In Mutect2 force-calling allele via --alleles does not force-call the allele
AnsweredIf not an error, choose a category for your question(REQUIRED):
c) Why do I see (......)?
GATK version: 4.2.4.1
Hi all,
I'm running Mutect2 over samples for which I have provided a VCF of alleles that I would like force-called.

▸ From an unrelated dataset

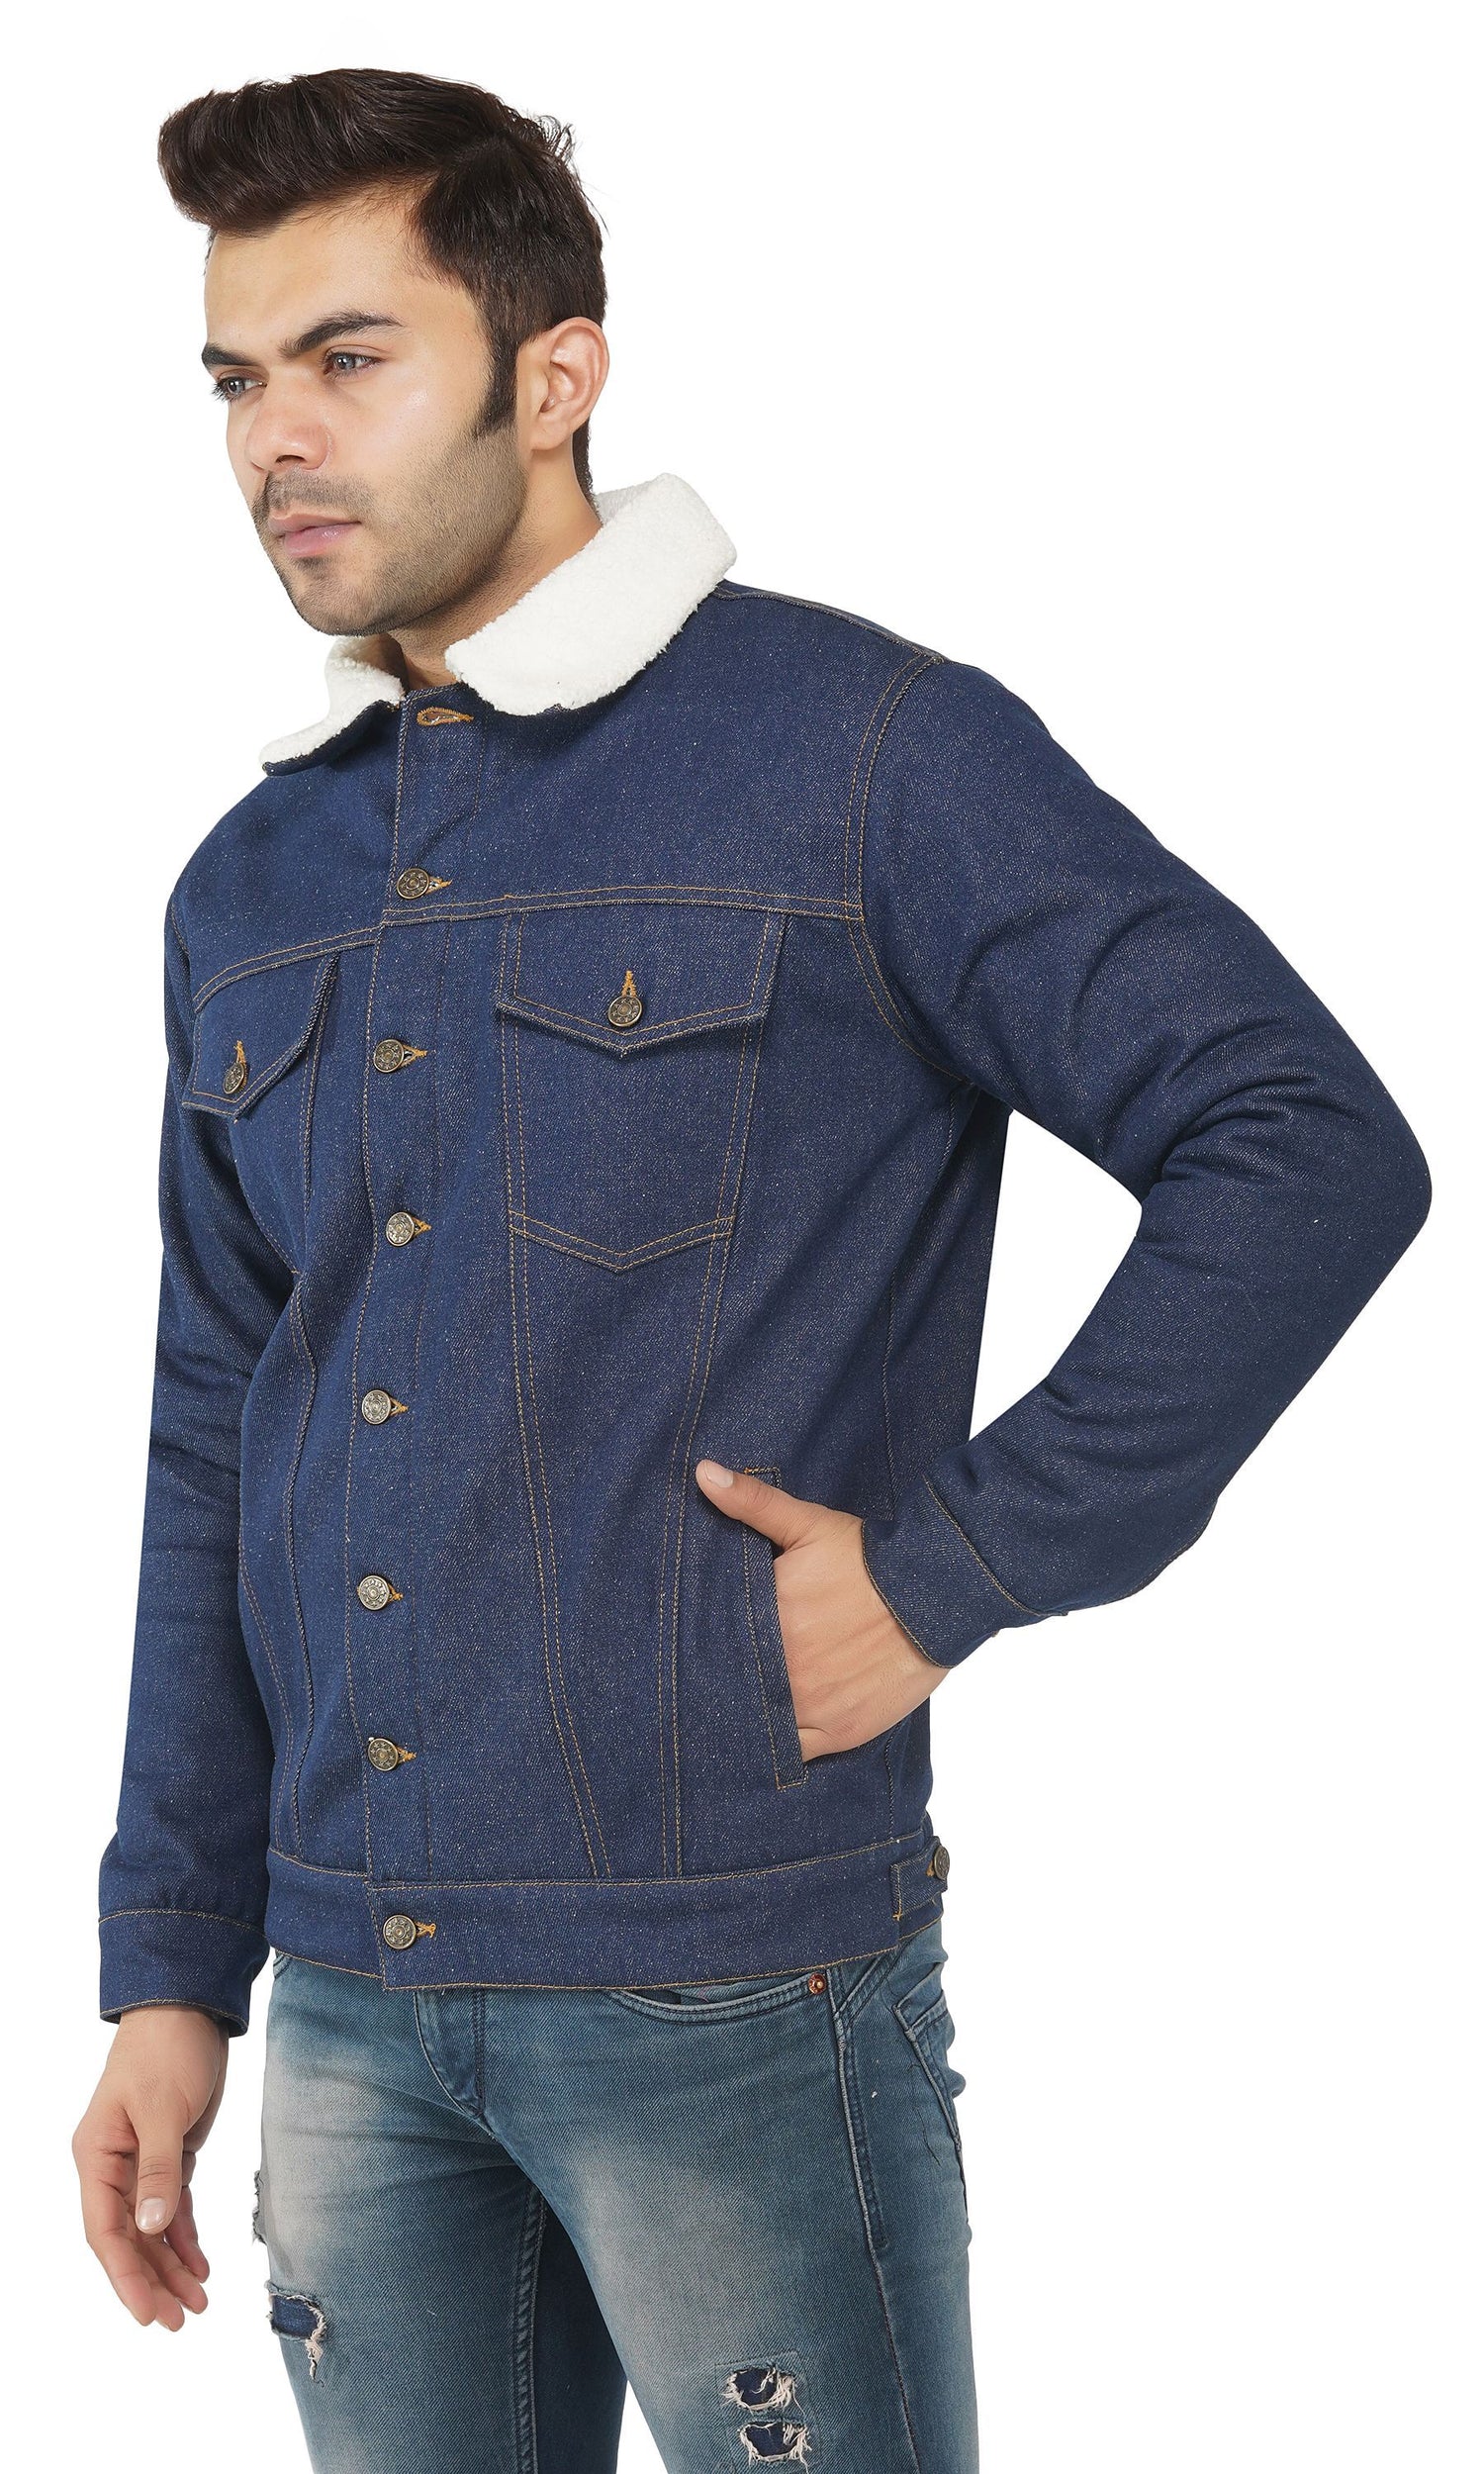 SLAY. Men's Winter Wear Navy Blue Cotton Biker Faux Fur Denim Jacket with SLAY. Embroidered on the back-clothing-to-slay.myshopify.com-Jacket
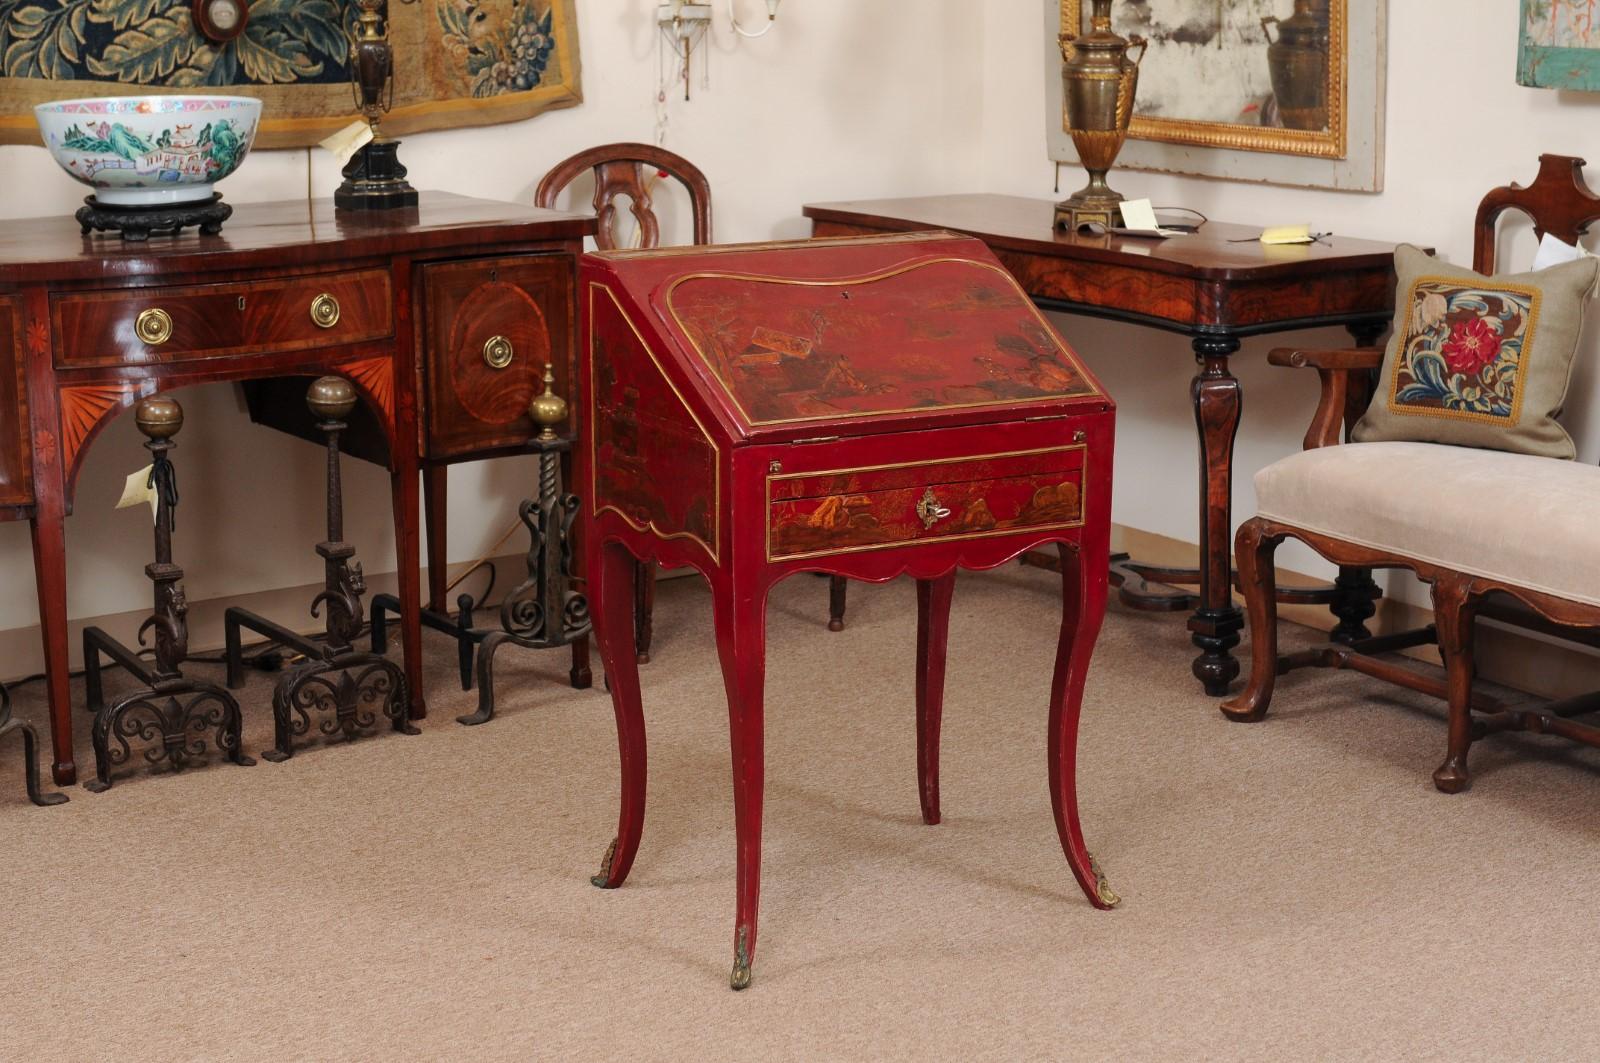 Louis XV style red Lacquered slant front bureau / desk with lower drawer & fitted interior, Chinoiserie decoration, Cabriole legs, and mounts on feet, 19th century, France.

In 99% of cases this works great, but in a few instances a couple of alleles that I have included for force-calling do not actually make it into the output calls VCF.
My command is:
gatk --java-options -Xmx3000m Mutect2 \
-R /data_in/MY1776/MY1776.self.ref.shifted_by_8000_bases.fasta \
-I /data_in/MY1776/self_realigned_shifted.bam \
--read-filter MateOnSameContigOrNoMappedMateReadFilter \
--read-filter MateUnmappedAndUnmappedReadFilter \
-O /out_default.vcf \
--alleles /data_in/MY1776/MY1776.self.ref.reversed.selfRef.shifted.homoplasmies.vcf.bgz \
--annotation StrandBiasBySample \
--mitochondria-mode \
--max-reads-per-alignment-start 75 \
--max-mnp-distance 0 \
-L chrM:8023-9140 \
--genotype-filtered-alleles \
--debug-assembly-variants-out /rej.vcf \
--bam-output bamout.bam
In this instance the variant in question is listed in the rej.vcf file obtained via `--debug-assembly-variants-out`. I have examined `bamout.bam` as well as the input bam and there appears to be ample coverage at the site of interest (the T at position 8316 is the position of interest, highlighted):
I have tried running this with some of the additional parameters in https://gatk.broadinstitute.org/hc/en-us/articles/360043491652-When-HaplotypeCaller-and-Mutect2-do-not-call-an-expected-variant (namely `--linked-de-bruijn-graph` and `--recover-all-dangling-branches`) to no avail. Coverage is very deep at this position (>2000x). Notably if I edit the input to `--alleles` and change the allele of interest (8316:T>A) to anything else (8316:T>C or T>G) it appropriately shows up in the output VCF.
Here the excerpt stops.